With its first broadcast in 2015, The Yorkshire Vet is our longest running series. It has won numerous RTS Awards and in 2024, the year of its 19th series and 200th episode, was shortlisted in the prestigious National Television Awards and Broadcast Awards. Over the years the show has regularly attracted more than one million live viewers in its regular Tuesday 8pm slot on Channel 5 – occasionally peaking over two million – with millions more watching catchup and repeats.
A co-production with Group M; the original brief of the show was to give viewers the “real All Creatures Great & Small”. Based on the best-selling books by James Herriot, ‘All Creatures’ had been a popular BBC drama series in the 1970s and 80s (with Channel 5 launching its own hugely successful reboot in 2020, after broadcasting ten series of The Yorkshire Vet).
In the early series, The Yorkshire Vet followed the goings on at the original Herriot practice – Skeldale Veterinary Centre in Thirsk, North Yorkshire. The two featured vets were Peter Wright and Julian Norton, with senior partner Peter even having served his apprenticeship under Alf Wight himself (James Herriot was Alf’s pseudonym).

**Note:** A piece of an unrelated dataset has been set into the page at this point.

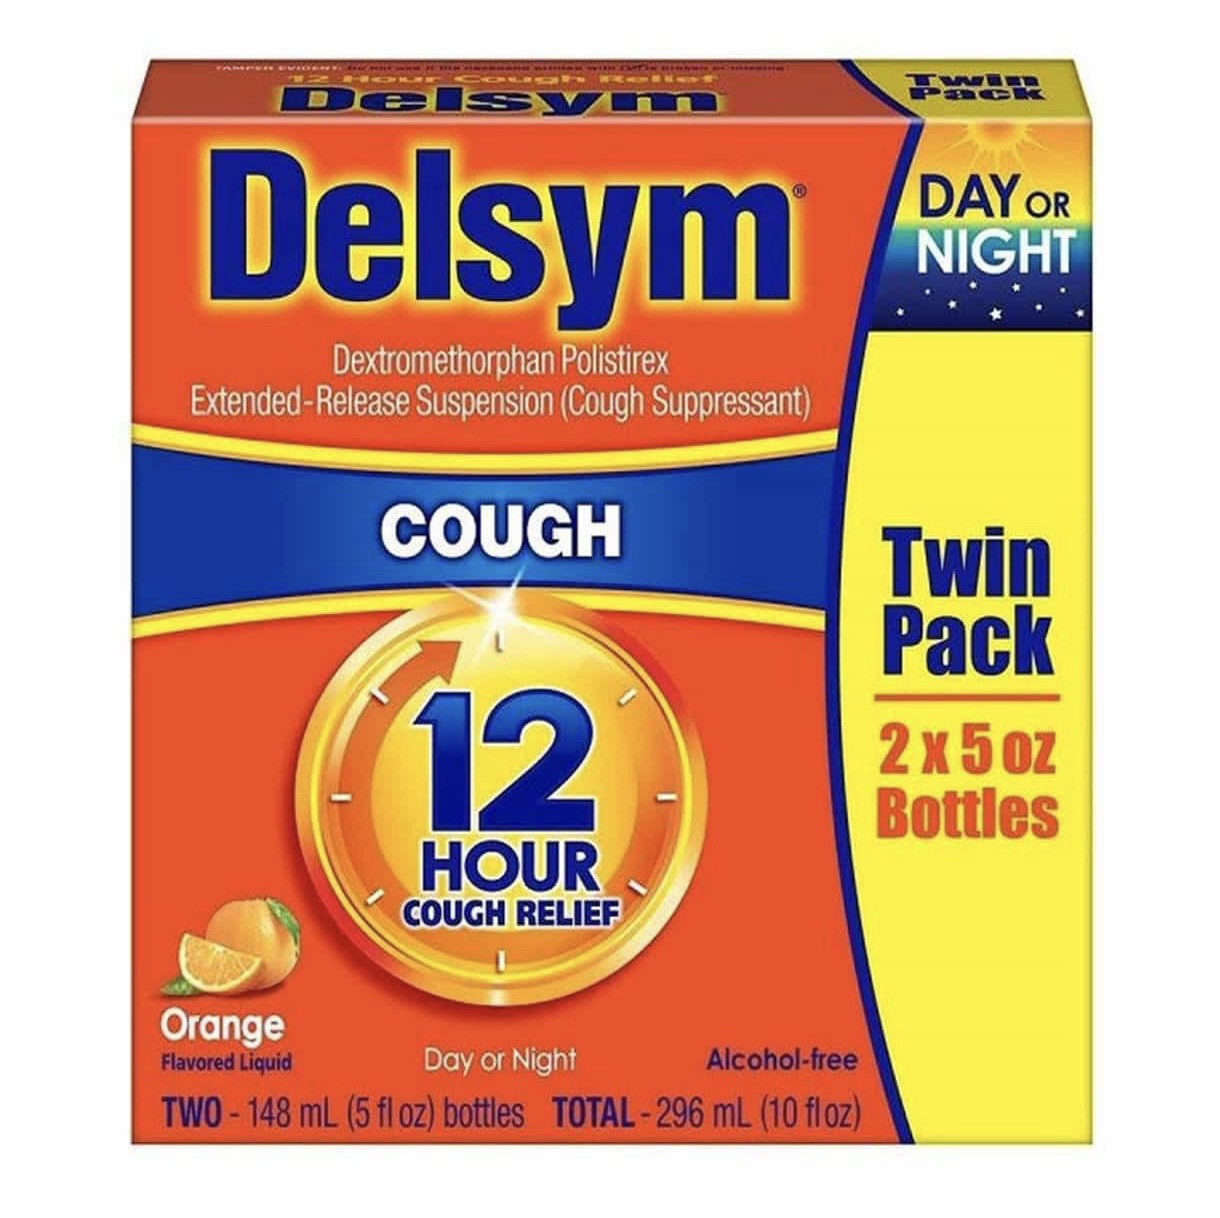 Siro ho Delsym 12 Hour Cough Relief Day or Night 296ml thumbnail
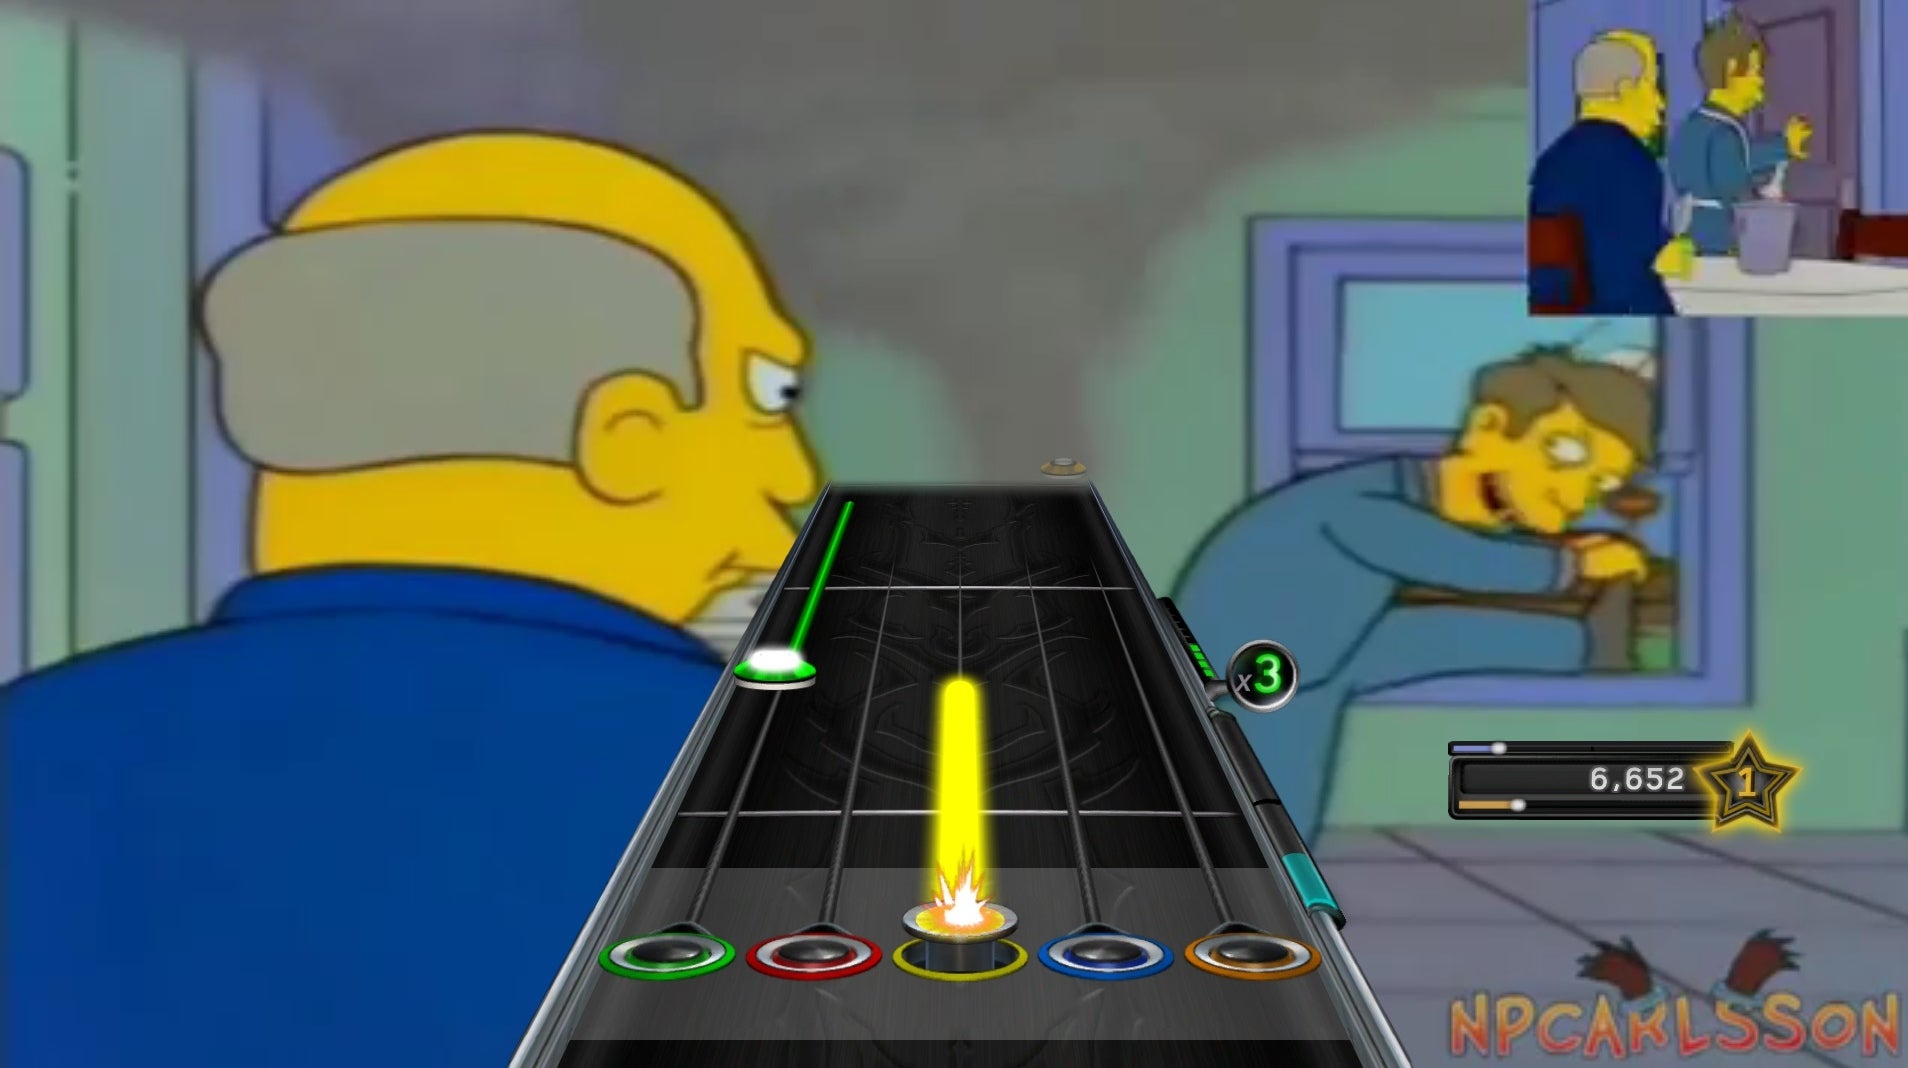 Image for The spirit of Guitar Hero lives on in a bizarre community-made clone

Over the years it has grown to focus on four locations across the county. A new generation of mixed practice vets (Matt, Shona, Rohin & David) based in Huddersfield, West Yorkshire, have joined the show. Julian now runs two new surgeries of his own – one of them in Thirsk, keeping the series in its original home. And, to continue doing the farm animal work he loves, Peter has left Skeldale to join a traditional Yorkshire practice on the edge of the North York Moors.
But, throughout all of this evolution, the show’s popularity has endured over the past 10 years, 22 series, numerous specials and 200+ episodes. Which is because the heart of the show has remained: vets and nurses, working across Yorkshire towns and beautiful countryside, treating all creatures great and small.